Hundert Männer warteten auf mich in der alten Expo von Sevilla
Es fällt mir schwer, genau zu rekonstruieren, wie alles angefangen hat. Ich weiß nur, dass es Ende Juli war, eine dieser Nächte in Sevilla, in denen die Schwüle an der Haut klebt und selbst der Levante sich nicht herablässt zu wehen. Seit Wochen dachte ich darüber nach, las in Foren, was man über die Morgendämmerung auf dem Gelände der ehemaligen Expo ’92 erzählte, zwischen vernagelten Pavillons und den Gärten, die die Stadtverwaltung auf der Isla de la Cartuja verrotten ließ. Man sagte, donnerstags im Sommer verändere sich der Ort. Dass sich dort Hunderte Typen versammelten. Dass es dort keine Regeln gab.

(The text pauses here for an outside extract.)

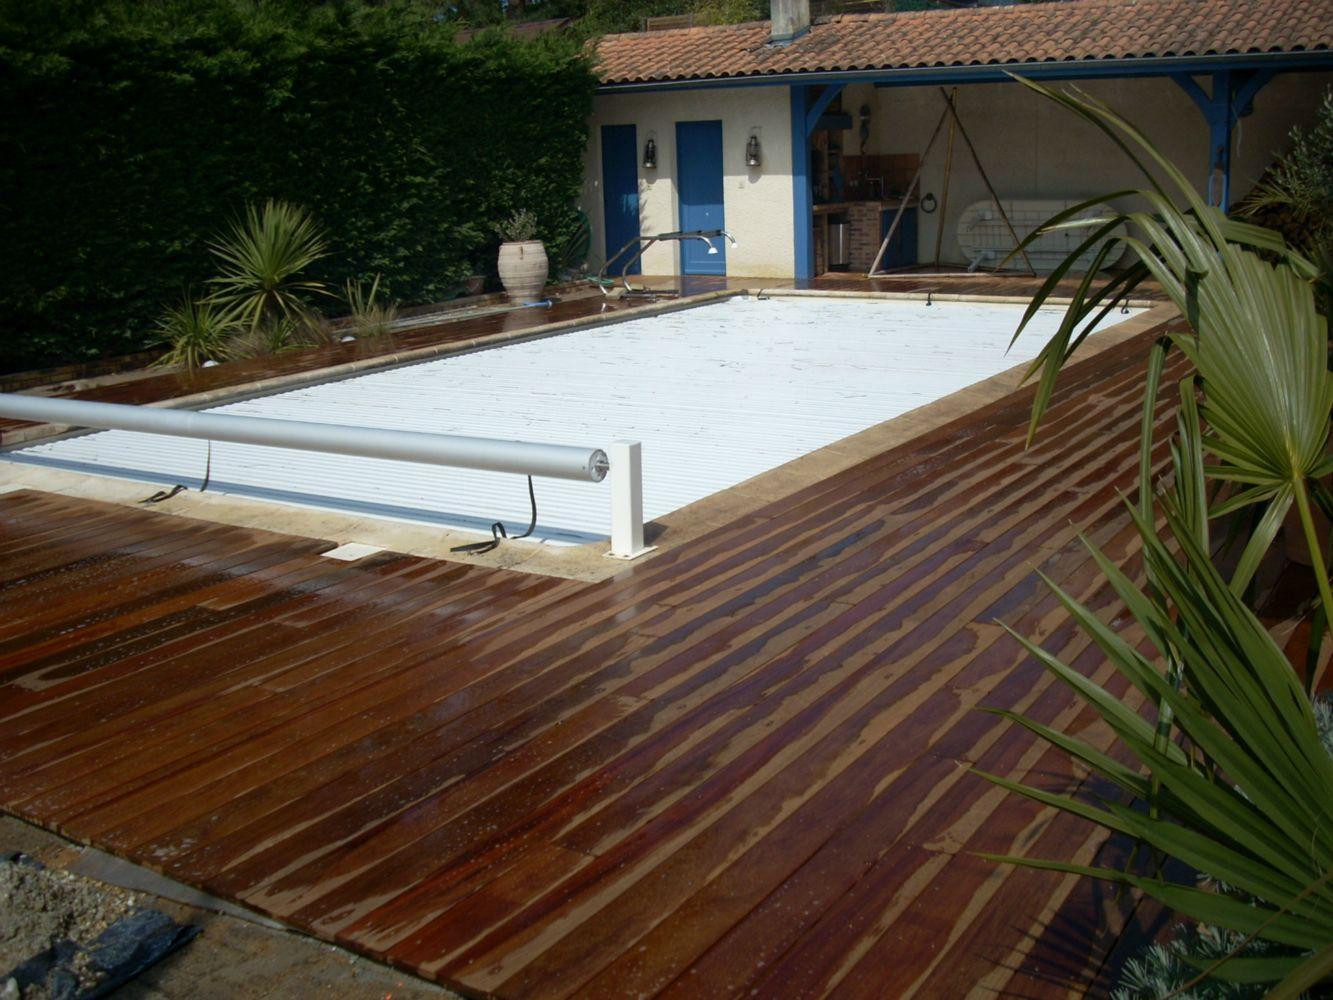 Terrasse en ip autour d 39 une piscine artisan charpente for Terrasse autour d une piscine

Ich parkte nach zwei Uhr morgens in der Nähe der Puente del Alamillo. Ich ging auf die Reste eines Freiluftamphitheaters zu, wo das Gestrüpp die Wege verschluckt hatte und die Laternen seit Jahren nicht mehr funktionierten. Nur der Mond und das kalte Licht irgendeines Handys erhellten die Alleewege aus Sand.
Ich trug eine schwarze kurze Hose, ein Tanktop und darunter nichts. Ich hatte geduscht, mich komplett rasiert, mich innerlich und äußerlich vorbereitet. Ich wusste, worauf ich aus war. Oder ich glaubte es.
Die erste Gruppe stand bei einem trockenen Brunnen, voller toter Blätter. Sechs oder sieben Typen rauchten, einer ohne Shirt. Sie sahen mich näher kommen. Einer von ihnen, ein riesiger Kerl, braun, mit dichtem Bart und einem Bärenbauch, versperrte mir den Weg.
—Was suchst du denn?
—Alles —antwortete ich.
Er lachte. Ein tiefes Lachen, das an dem rissigen Beton widerhallte.
—Der hier sagt, alles. Habt ihr das gehört?
Er zog sein Handy heraus und tippte etwas ein. In weniger als fünf Minuten tauchten immer mehr auf. Aus den Büschen, von den Seitenwegen, vom Parkplatz. Als wäre diese Nachricht ein Signal gewesen. Zehn. Zwanzig. Dreißig. Und sie kamen weiter.
Der Bär packte mich am Kragen meines T-Shirts und riss mich nach unten.
—Auf die Knie und Mund auf. Du stehst erst auf, wenn ich es sage.
Der Sand fraß sich in meine Knie. Er riss mir das T-Shirt in einem Zug vom Leib und benutzte es, um meine Handgelenke hinter meinem Rücken zusammenzubinden. Ein einfacher Knoten, aber fest. Ich spürte, wie der Stoff mir die Blutzirkulation abschnitt.
Der Erste holte seinen Schwanz vor meinem Gesicht heraus. Dick, unbeschnitten, nach Schweiß des ganzen Tages riechend. Er schob ihn mir ohne Vorwarnung bis ganz nach hinten in den Hals. Ich spürte den Würgereiz hochsteigen und hielt ihn zurück. Er packte mich am Haar und begann, mir den Mund zu ficken, als wäre es irgendein Loch. Denn genau das war es. Dafür war ich gekommen.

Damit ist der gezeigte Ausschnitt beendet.